= Bernard Arcand =

Canadian anthropologist and writer (1945–2009)

Bernard Arcand (April 18, 1945 – January 30, 2009) was a French-Canadian anthropologist, author and communicator. He was for several decades a professor of the anthropology department of Laval University.

Born in Deschambault, Québec, he was film director Denys Arcand and actor Gabriel Arcand's brother. He studied social sciences at the Université de Montréal (baccalaureate, 1965; master, 1966). While still in university, he had an acting role in the short film Geneviève.

He later studied at the University of Cambridge where he obtained a certificate (1967) and a doctorate (1972), in social anthropology. He taught at Copenhagen University in 1971, and then as an assistant professor at McGill University between 1972 and 1976. He was assistant and then tenured professor at Université Laval from 1976 to 2006.

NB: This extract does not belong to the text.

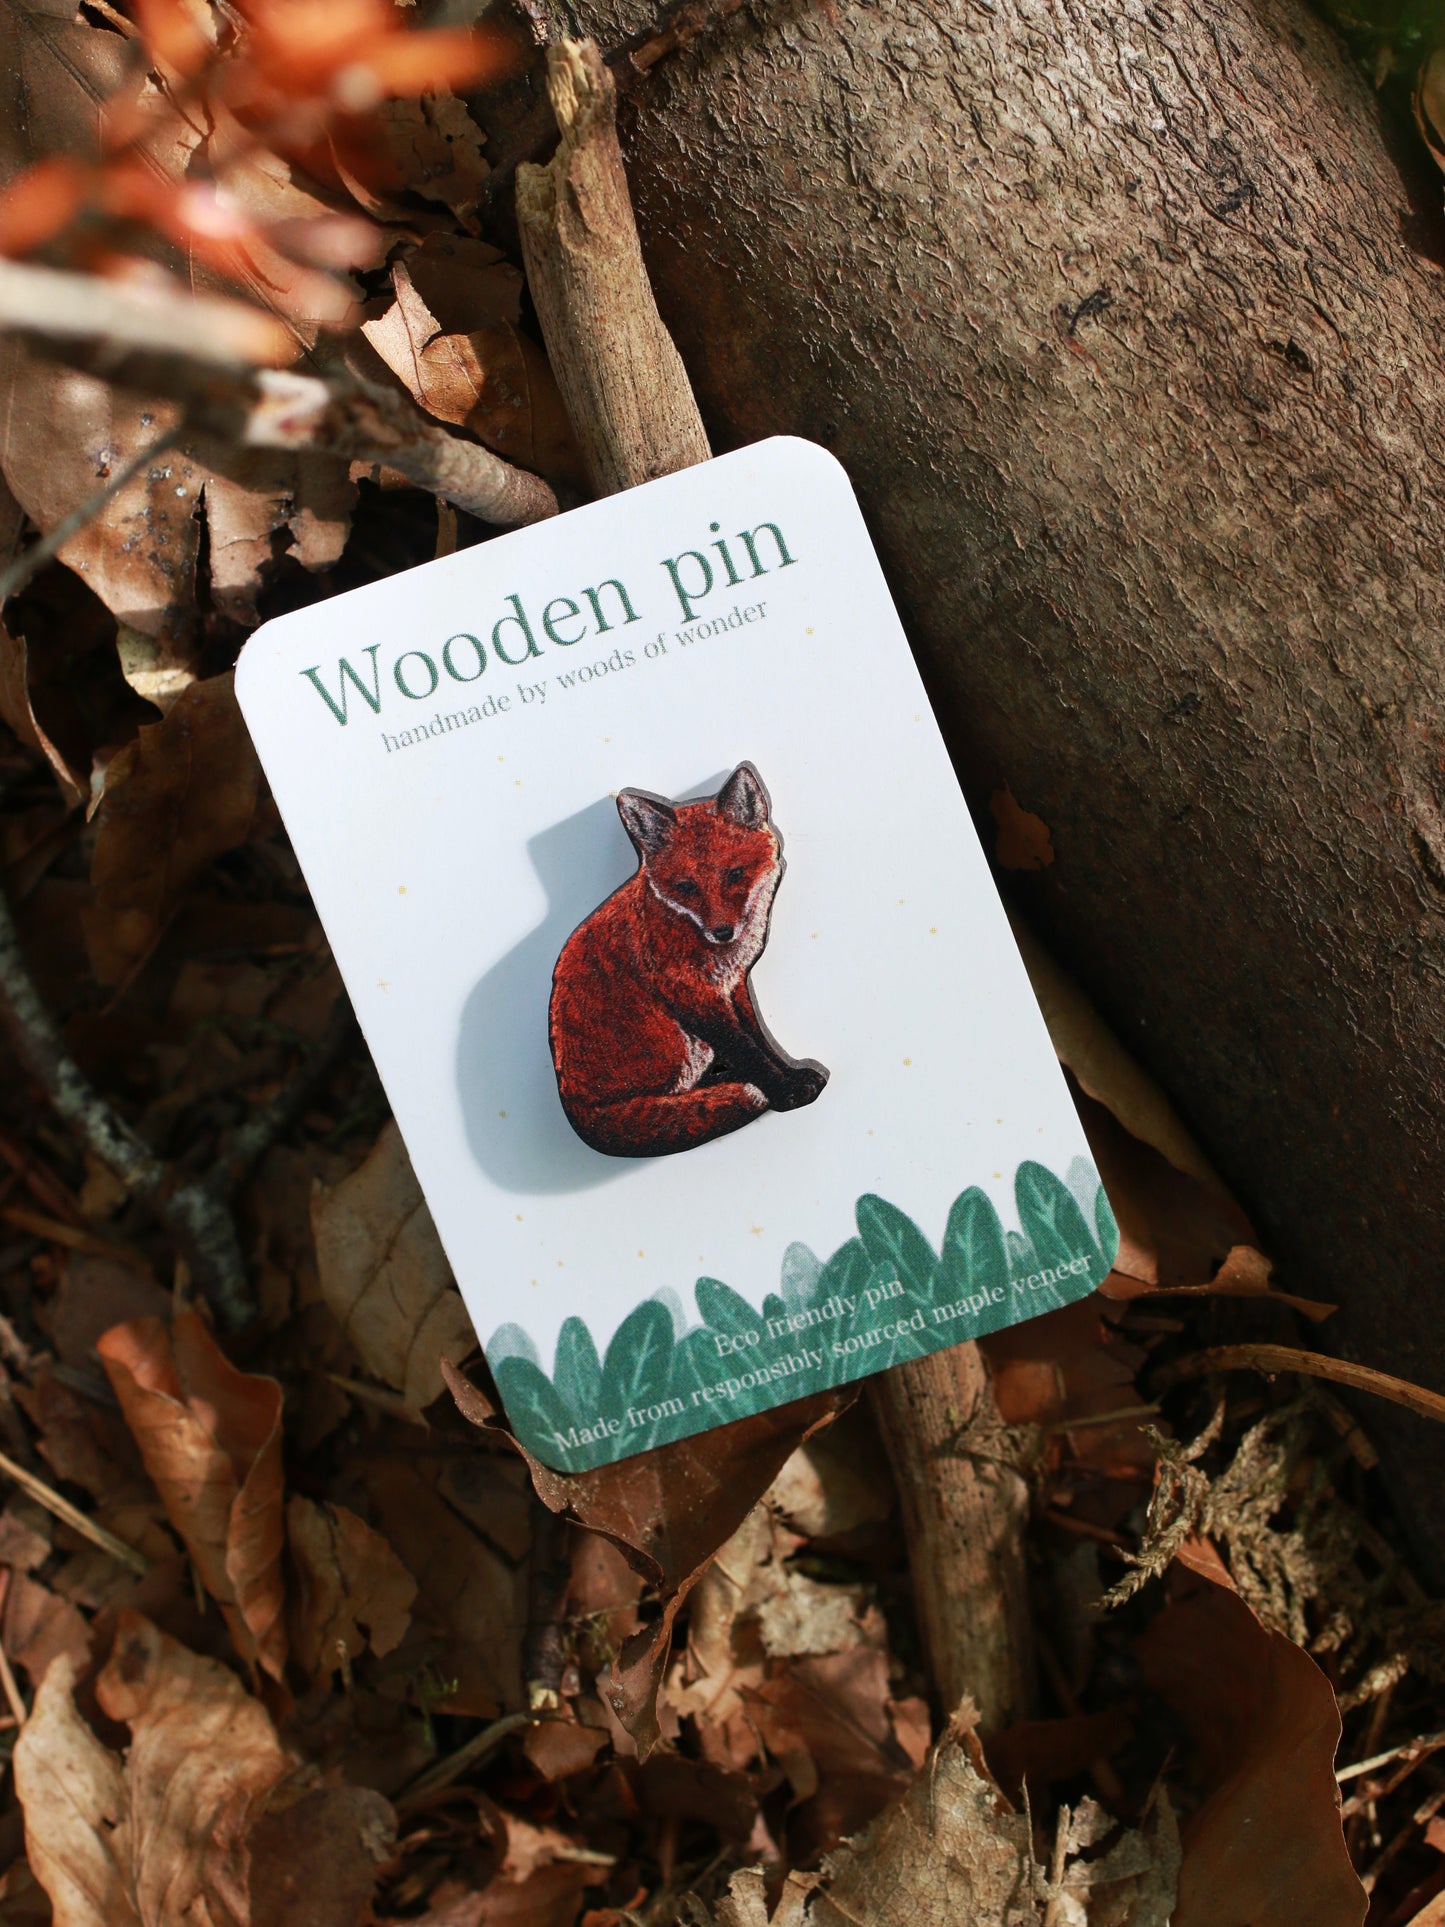 Fox cub wooden pin

He was a member of the editorial board of the journal Anthropologie et Sociétés between 1982 and 1987, and president of the Société canadienne d'anthropologie from 1989 to 1991.

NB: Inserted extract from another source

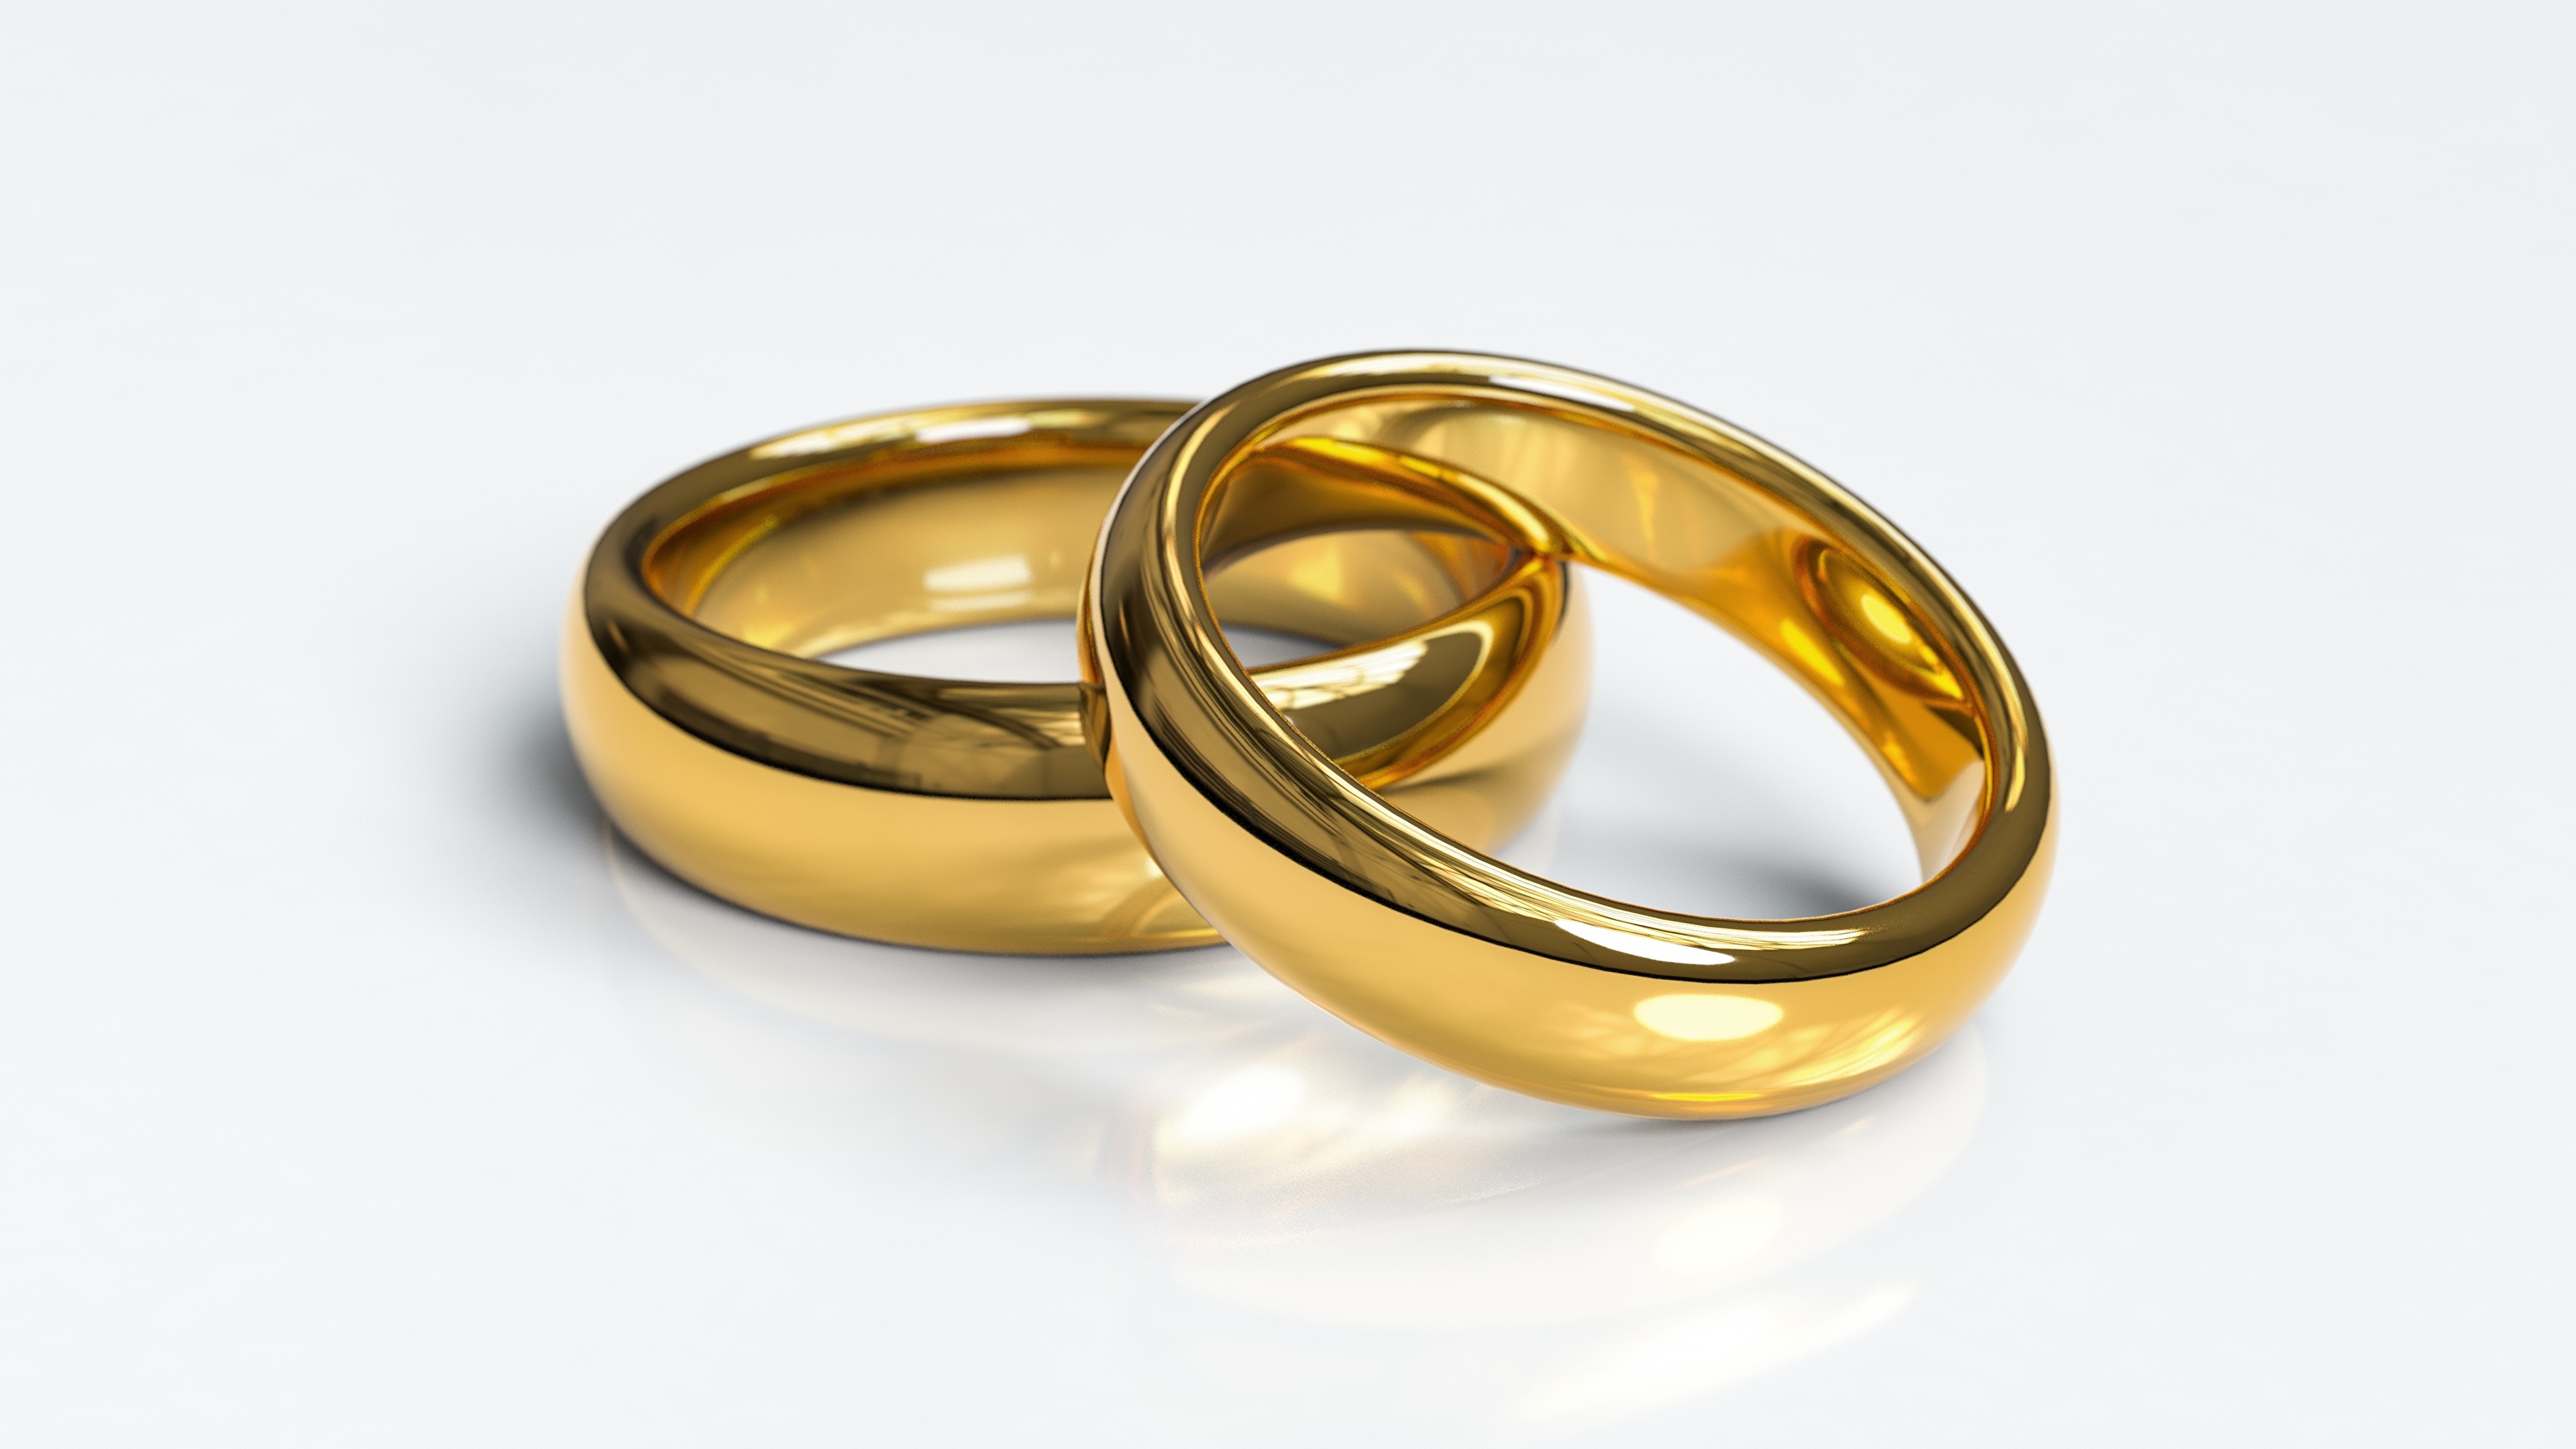 Два кольца свадебные

In 1991, Arcand published Le Jaguar et le Tamanoir (The Jaguar and the Anteater), a series of essays on the topic of pornography for which he received the Governor General's Award for French-language non-fiction. In collaboration with Serge Bouchard, he hosted a radio show called The Commonplace, broadcast on Radio-Canada in 1990. Some texts and extracts of these shows were published between 1993 and 2003.

Arcand and Bouchard wrote a humor column entitled "Bien vu!", in the journal Science Quebec.

His work with the Cuiva in Colombia was documented in the film, Last of the Cuiva (Disappearing World series of anthropological films, 1971).